Background Postoperative nausea and vomiting (PONV) is a frequent complication following laparoscopic sleeve gastrectomy (LSG). While prior studies using simplified body mass index (BMI) categorizations largely show no significant association, an initial observation in our prospective cohort suggested an 8% higher PONV incidence in Class I obesity. This prompted a formal analysis using detailed WHO classification to investigate this potential association while controlling for confounders.
Methods This secondary analysis of a prospective cohort included 1054 adults undergoing LSG. Preoperative BMI was classified according to WHO criteria. PONV, defined as an Index of Nausea, Vomiting, and Retching (INVR) score >0 within 72 hours postoperatively, was the primary outcome. The association was assessed using logistic regression across four models: an unadjusted model (Model 1) and three multivariable models adjusting for demographics, Apfel score, and perioperative management variables (Models 2-4).

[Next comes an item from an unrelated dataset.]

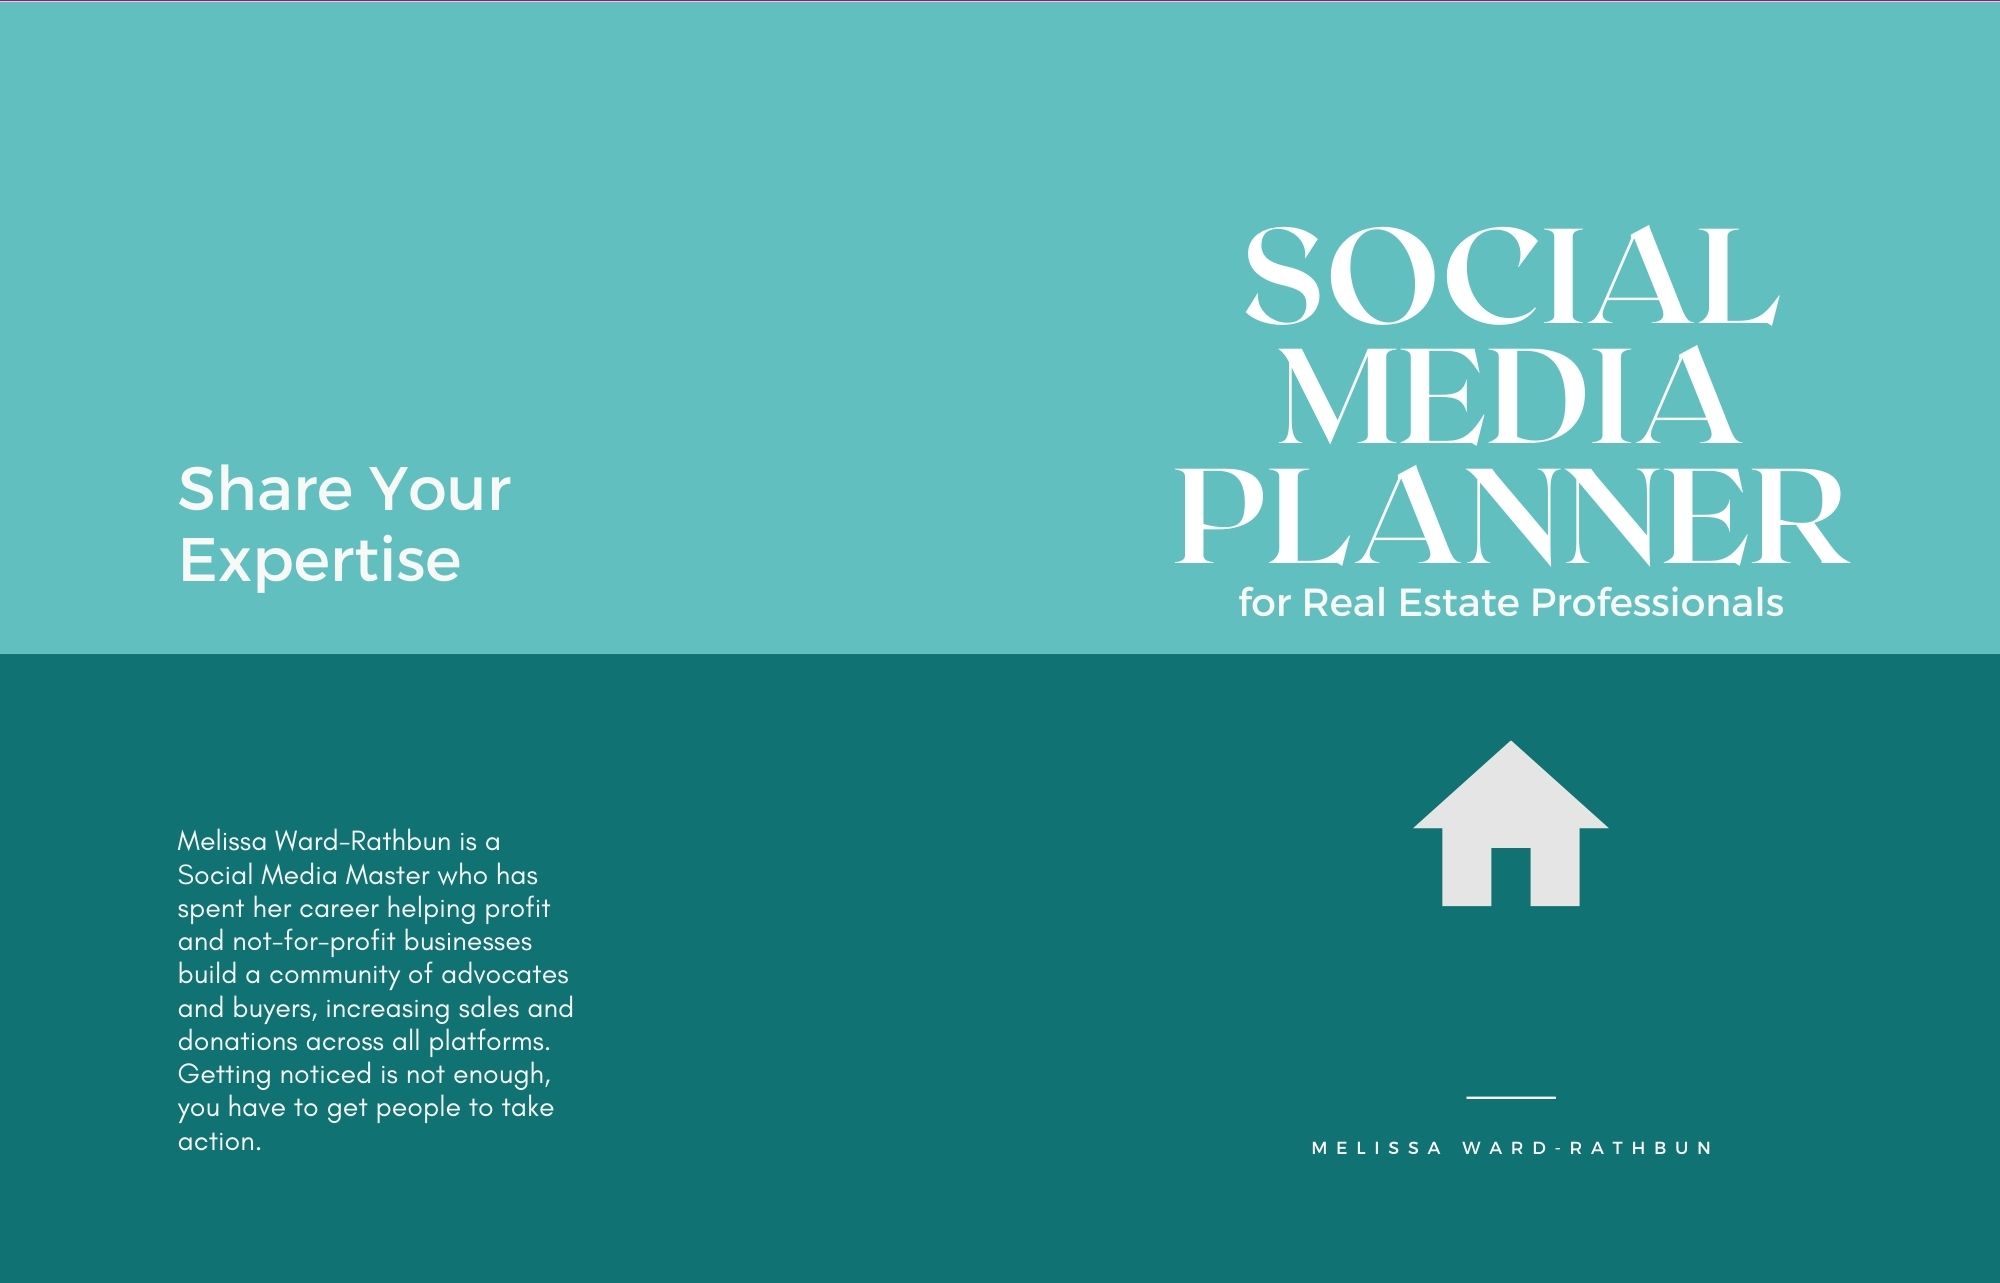 Social Media Planner for Real Estate Professionals

Results The overall incidence of PONV was 76.3%. In the unadjusted model (Model 1), Class I obesity was associated with higher odds of PONV compared to Class III obesity (OR 1.65, 95% CI 1.11–2.45, P=0.013). This association was not significant in any of the adjusted models (Models 2-4, all P >0.05). No other BMI categories were significantly associated with PONV risk in the multivariable analyses.
Conclusions After adjusting for key patient and perioperative factors, preoperative BMI classified by WHO criteria was not an independent risk factor for PONV after LSG. This suggests that the initially observed difference may be attributable to confounding factors effectively mitigated by standardized perioperative management.